KMail should have the capability of using signing subkeys in a complete way.

Reproducible: Always

Steps to Reproduce:
If someone has a primary key that is used for signing and one or more subkeys also used for signing then KMail encounters gpg's default behavior in that when you select the key to use to sign, KMail/gpg automatically uses the last signing subkey rather than the primary (which is what it looks like it is doing when you choose what key to use).

Actual Results:  
Your message is signed with your signing subkey rather than the primary signing key as you asked it to do.

Expected Results:  
Sign the message with the primary key.

OS: Linux (i686) release 2.6.35-28-generic
Compiler: cc
Kubuntu 10.10
GnuPG 1.4.10
GnuPG 2.0.14
libcrypt 1.4.5

Ideally there should be an option in emailidentities called
force-exact-keyid=yes
And there should be a corresponding checkbox in the GUI settings page somewhere.

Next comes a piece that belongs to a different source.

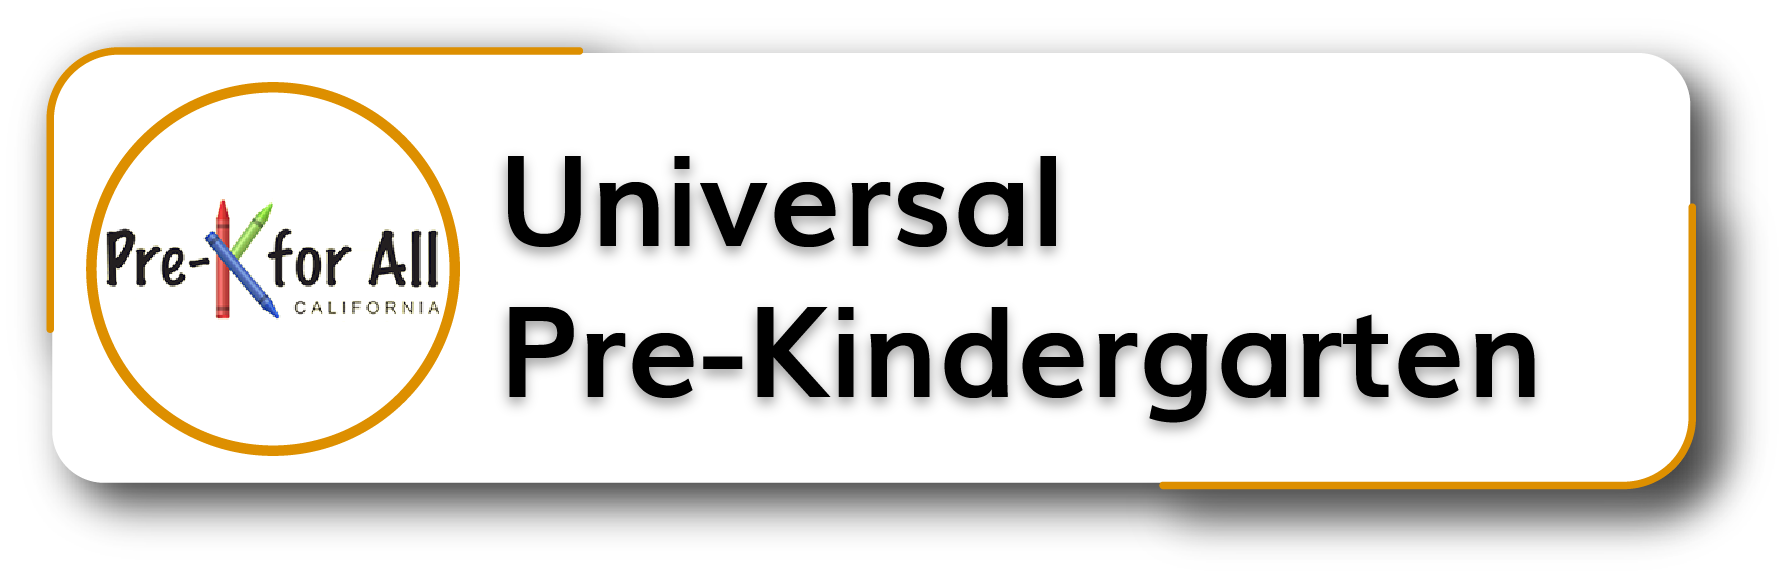 Universal Pre-Kindergarten Button

What this would do is append a ! to the end of the key fingerprint supplied in
PGP Signing Key=

This would force gpg to use the exact primary or subkey fingerprint supplied.

Additionally the GUI interface would need to be changed in one additional way so that there are no gotchas: it would need to check the keyring for all possible valid signing key and subkeys and present this list to the user when they change the default signing key.  At the moment all KMail presents the user with is a list of primary keys.
Comment 1 Laurent Montel 2015-04-12 09:53:34 UTC
Thank you for taking the time to file a bug report.

KMail2 was released in 2011, and the entire code base went through significant changes. We are currently in the process of porting to Qt5 and KF5. It is unlikely that these bugs are still valid in KMail2.

We welcome you to try out KMail 2 with the KDE 4.14 release and give your feedback.